Keep the text of the data exactly as it is and omit each picture from the copy.

Supplied data:
# # # # # # #

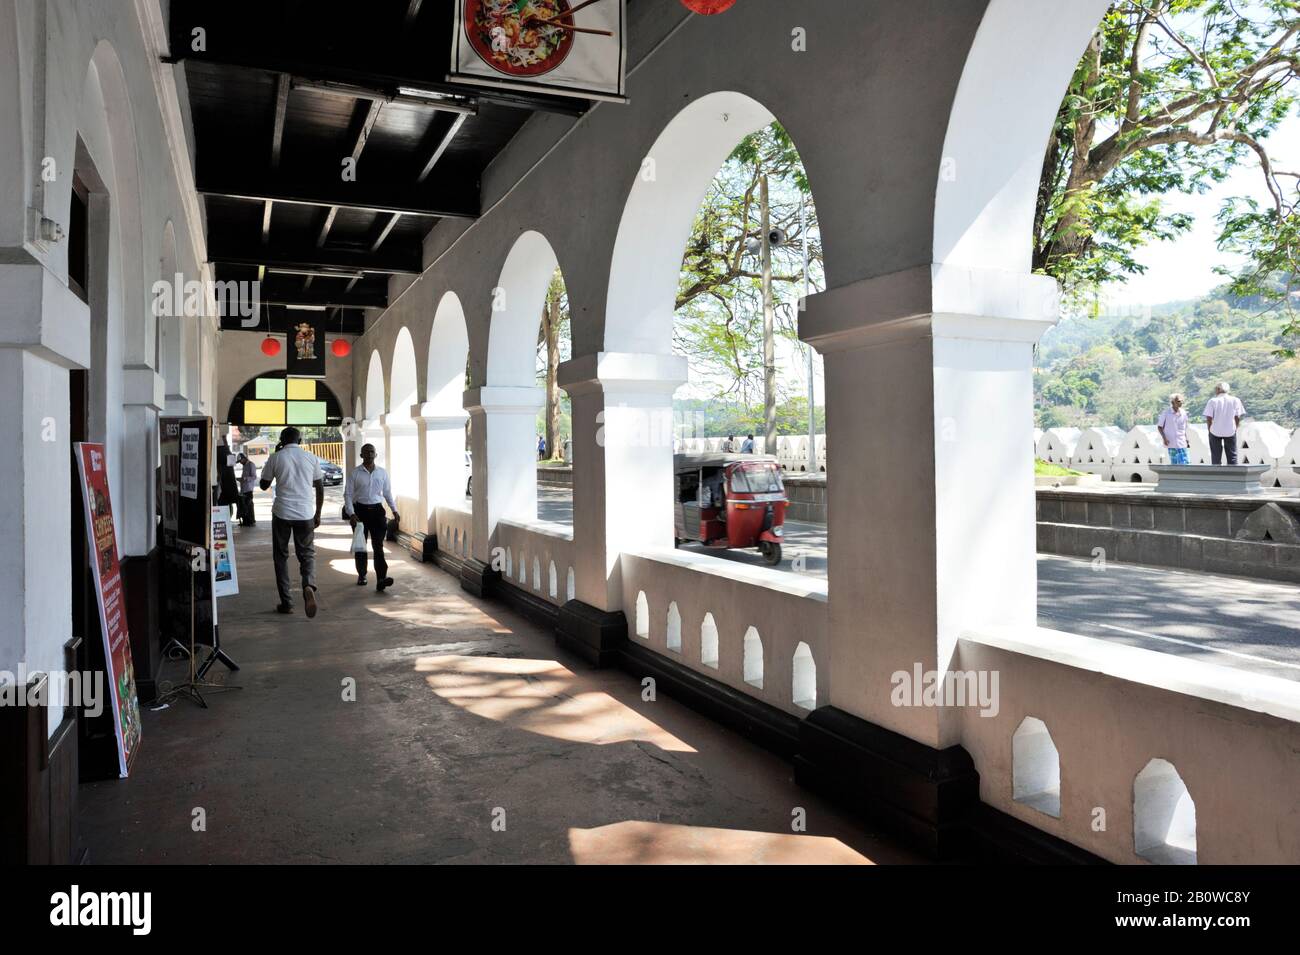 Sri Lanka, Kandy, colonial architecture Stock Photo
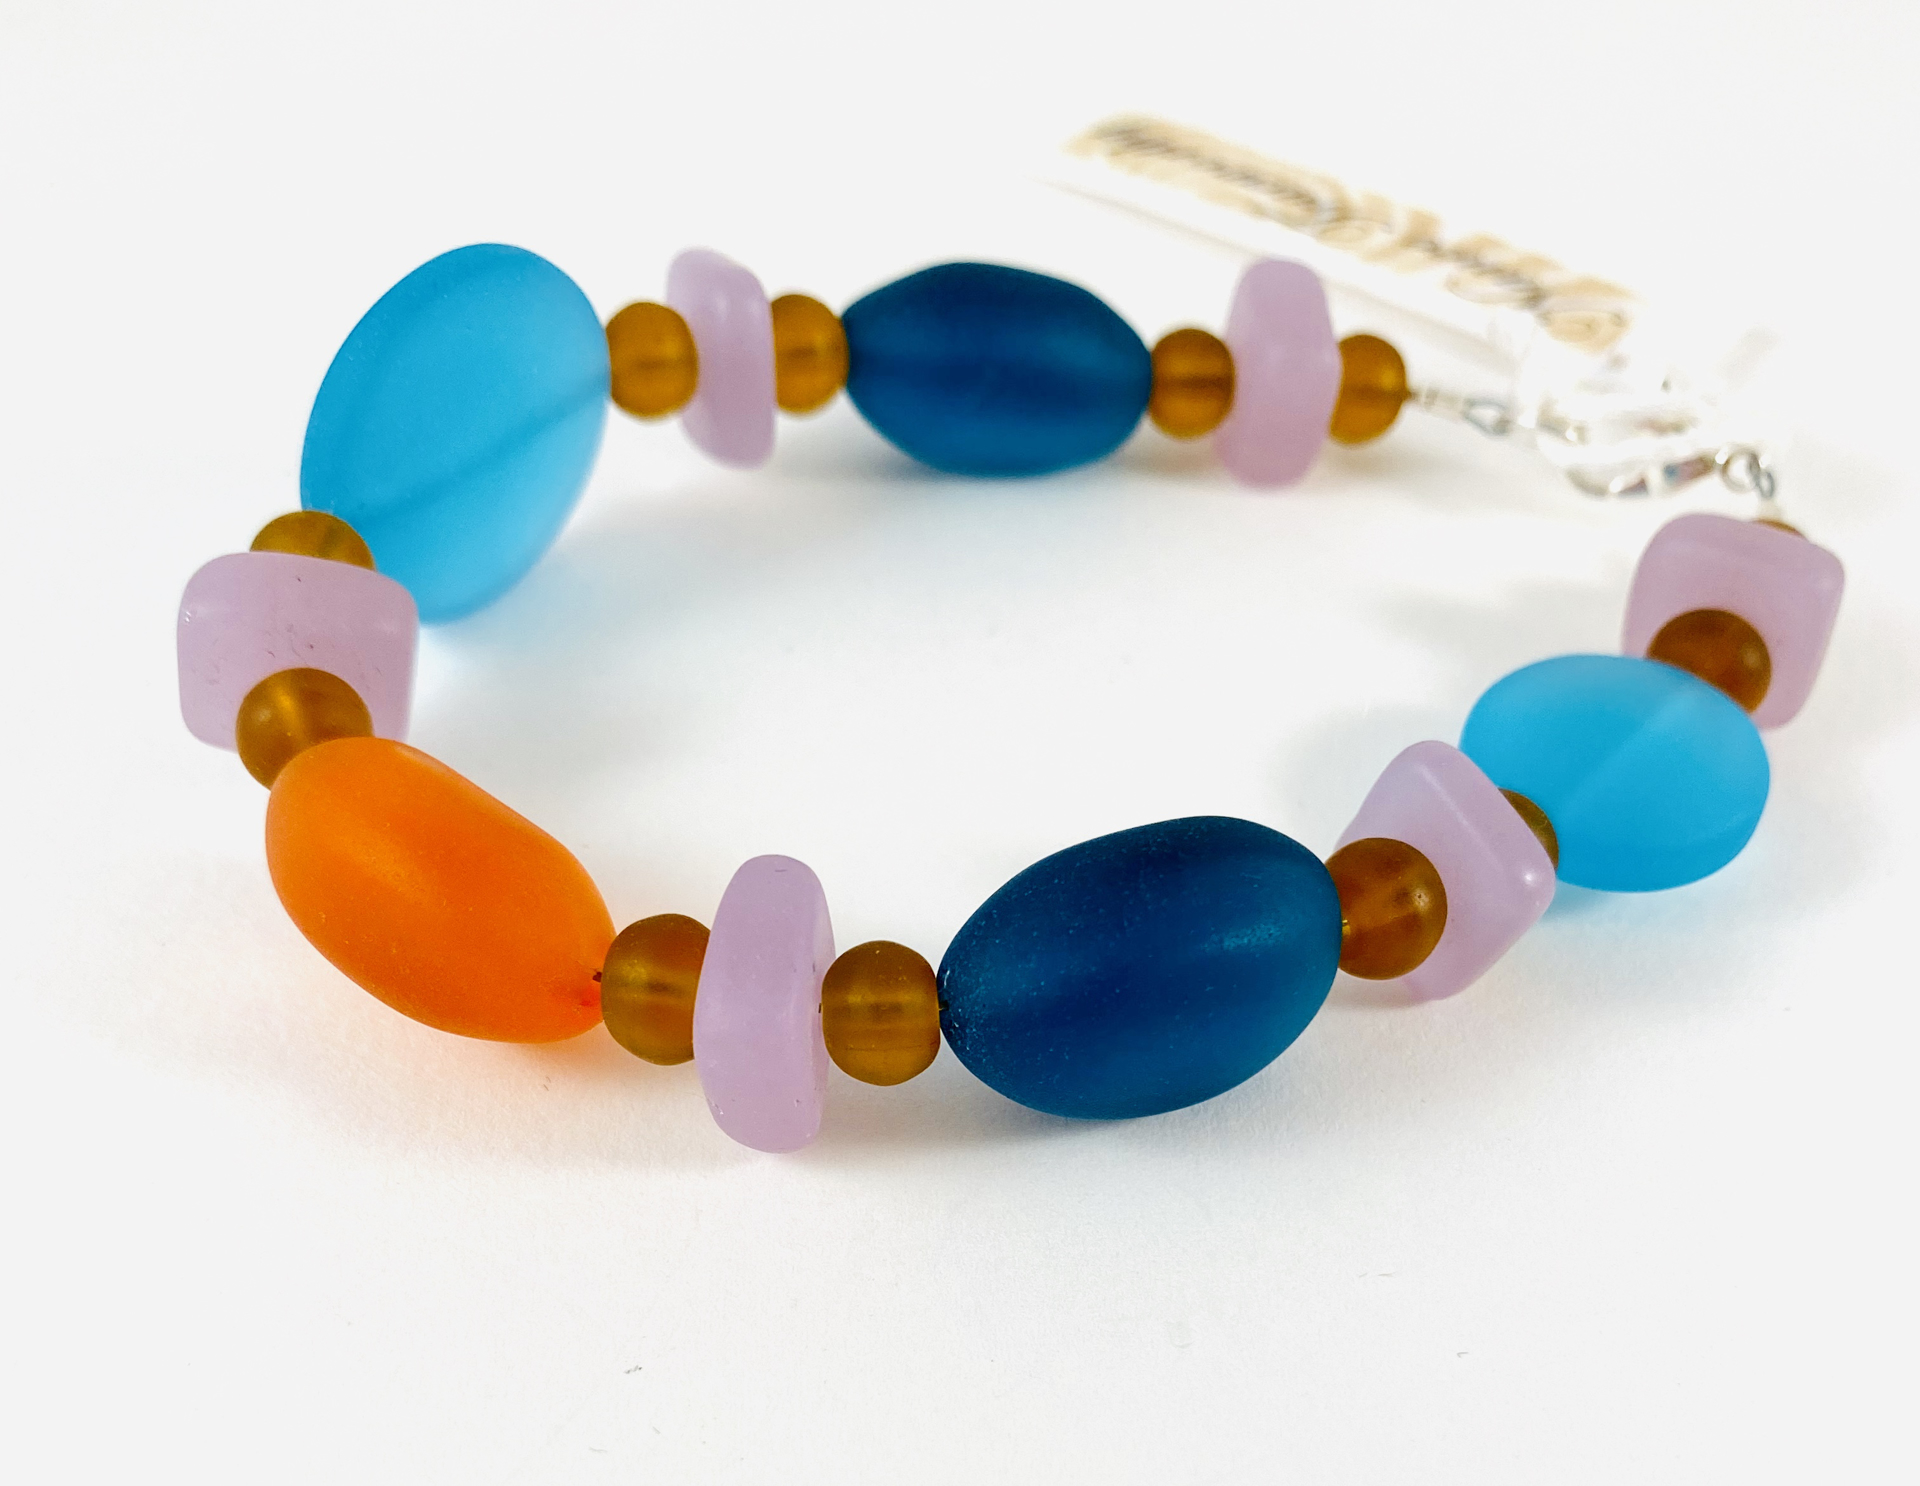 Cultured Seaglass Bracelet #3 by Nance Trueworthy
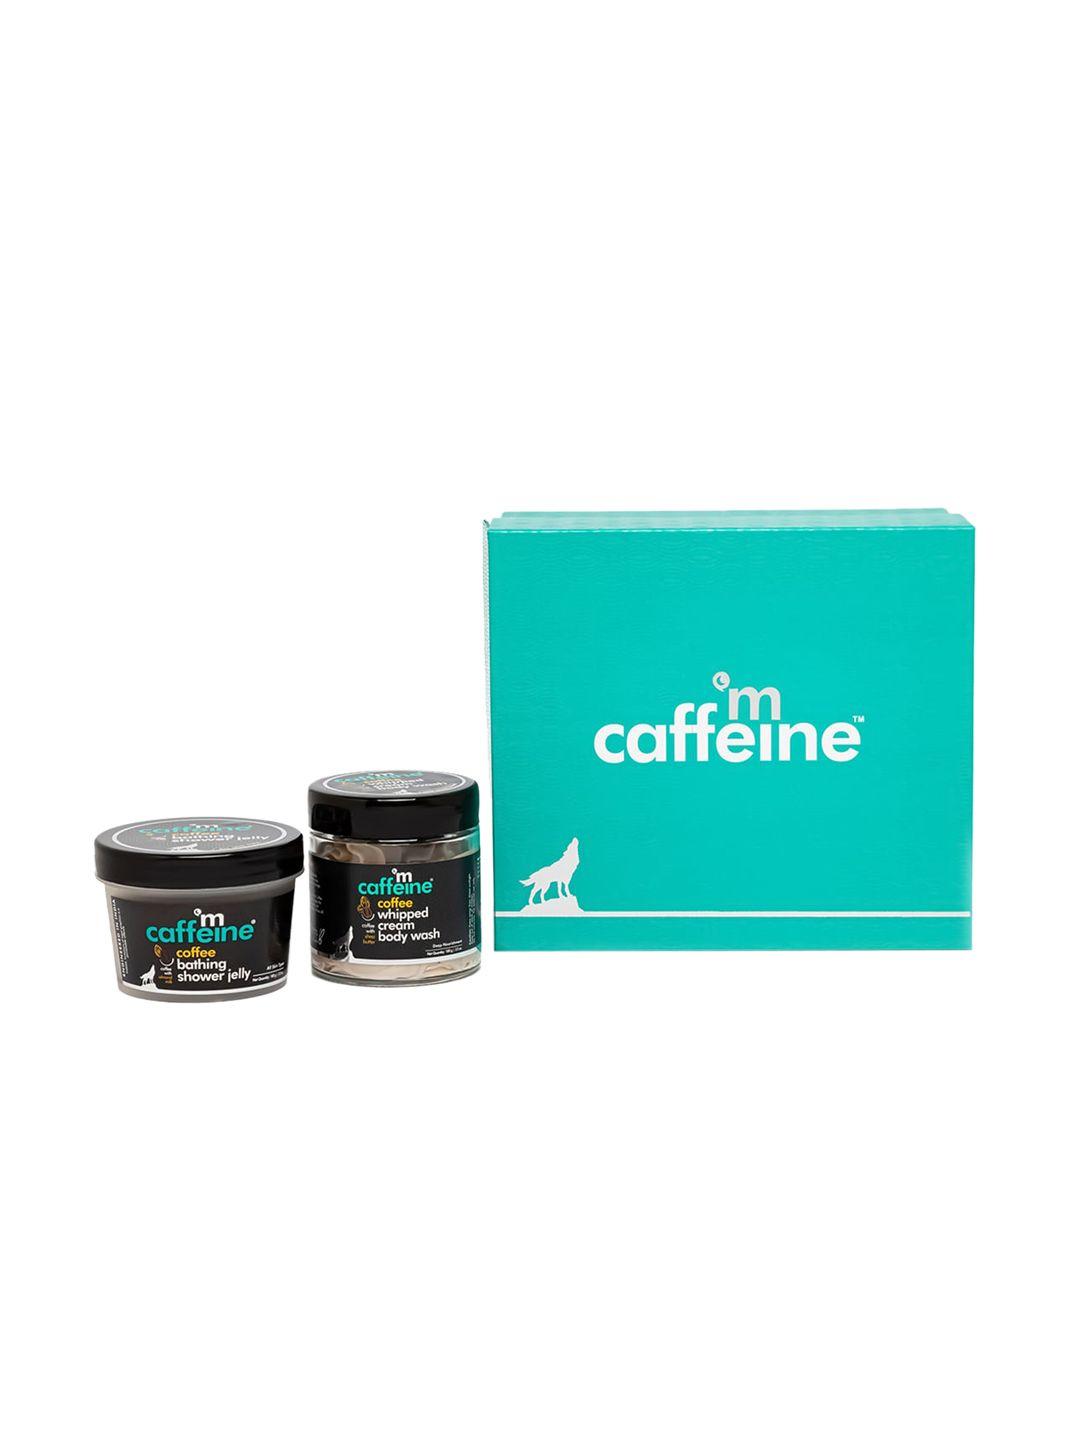 mcaffeine  coffee shower play gift kit 200 gm
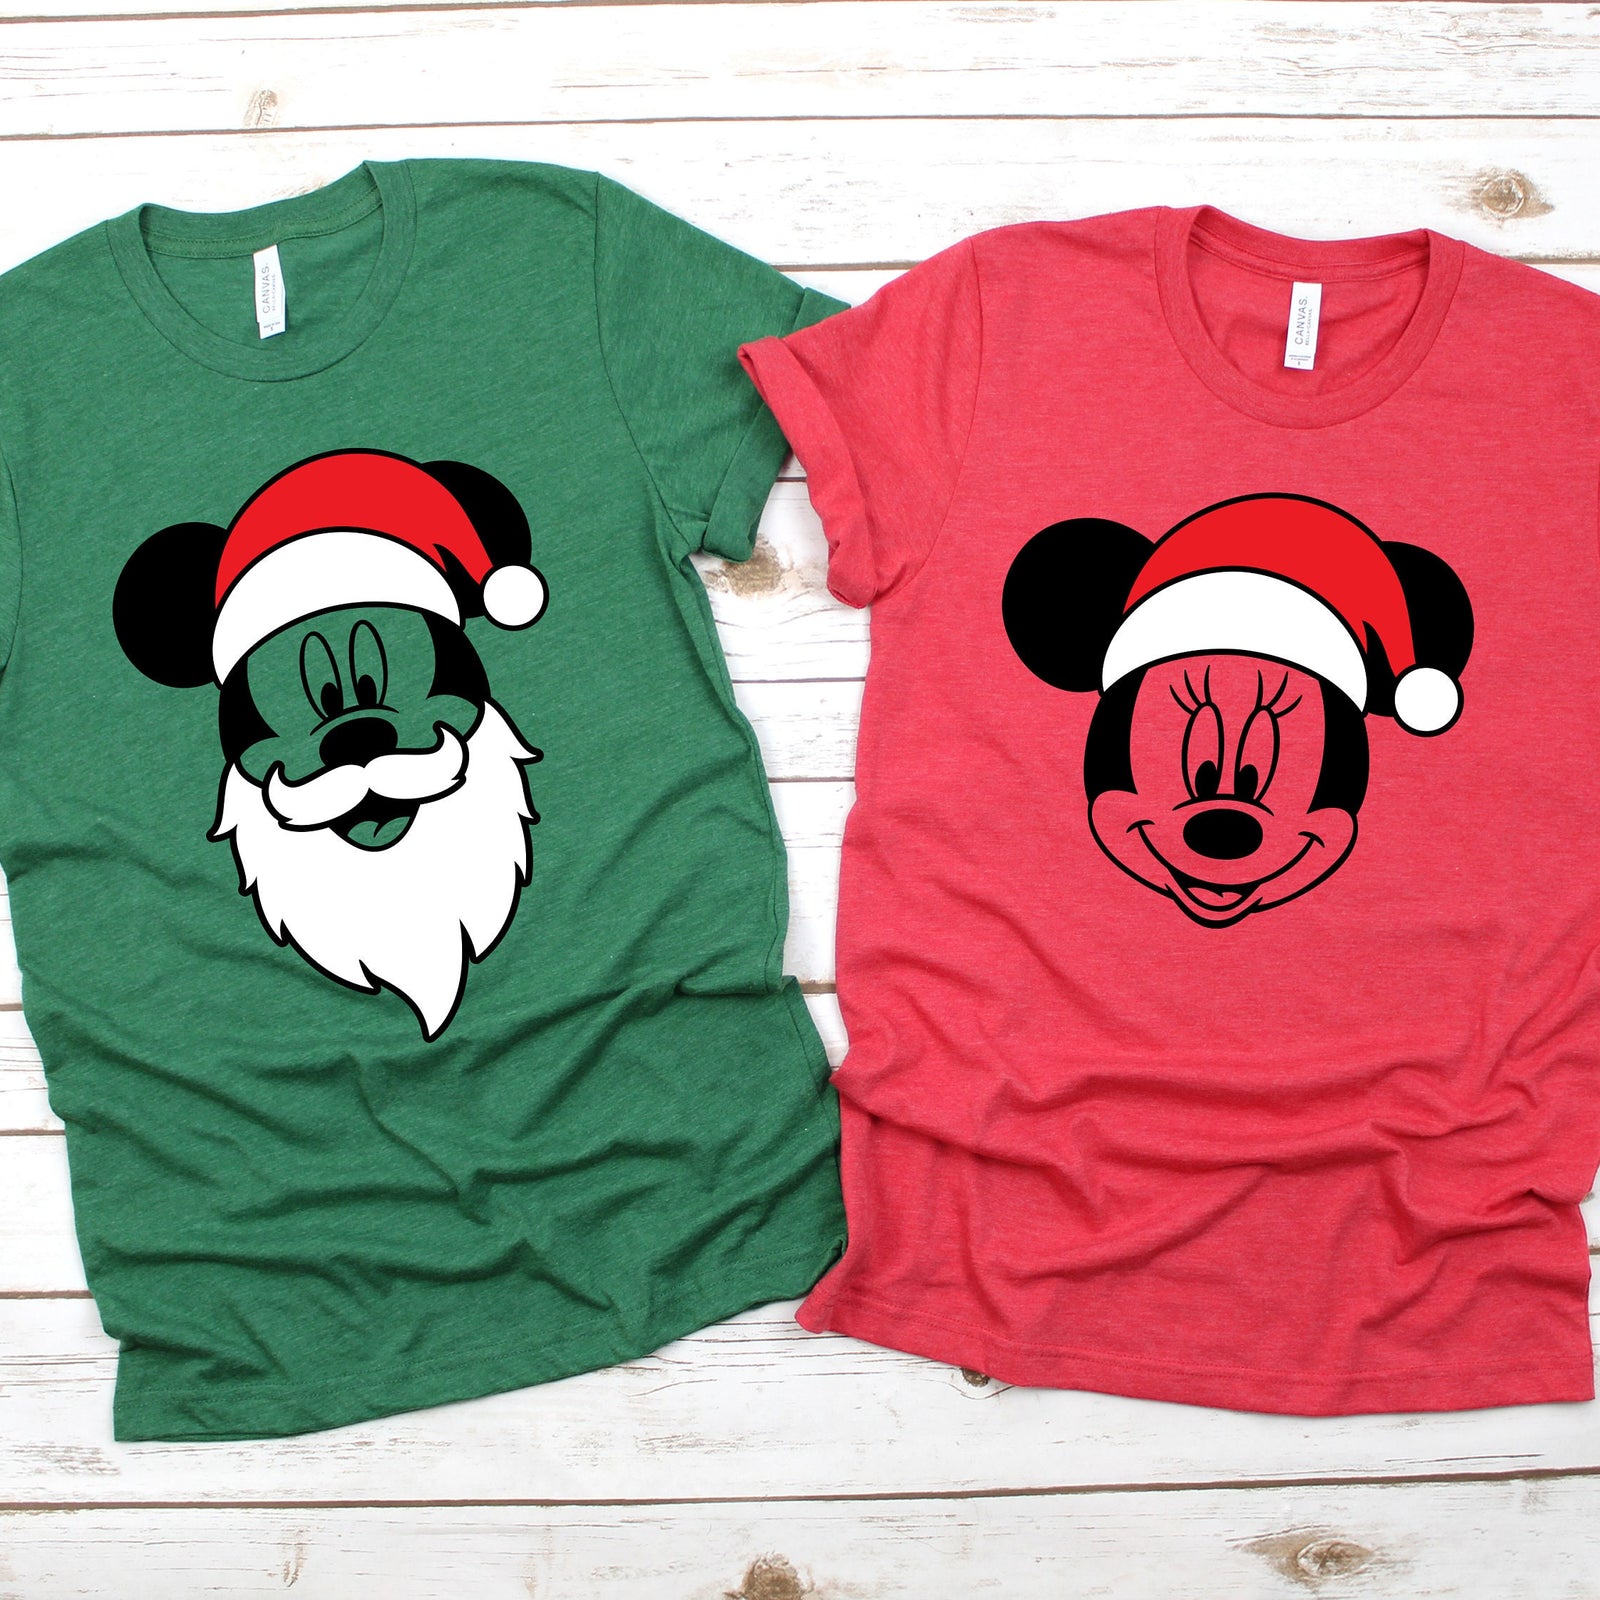 Santa Mickey and Santa Minnie Christmas T Shirts - Christmas Disney Couples Shirt - Disney Matching Shirts - Mickey & Minnie Christmas Shirt

# # # # # # #

Solution for this task:
 Sri Lanka, Kandy, colonial architecture Stock Photo
 Cultured Seaglass Bracelet #3 by Nance Trueworthy
 mcaffeine  coffee shower play gift kit 200 gm
 Santa Mickey and Santa Minnie Christmas T Shirts - Christmas Disney Couples Shirt - Disney Matching Shirts - Mickey & Minnie Christmas Shirt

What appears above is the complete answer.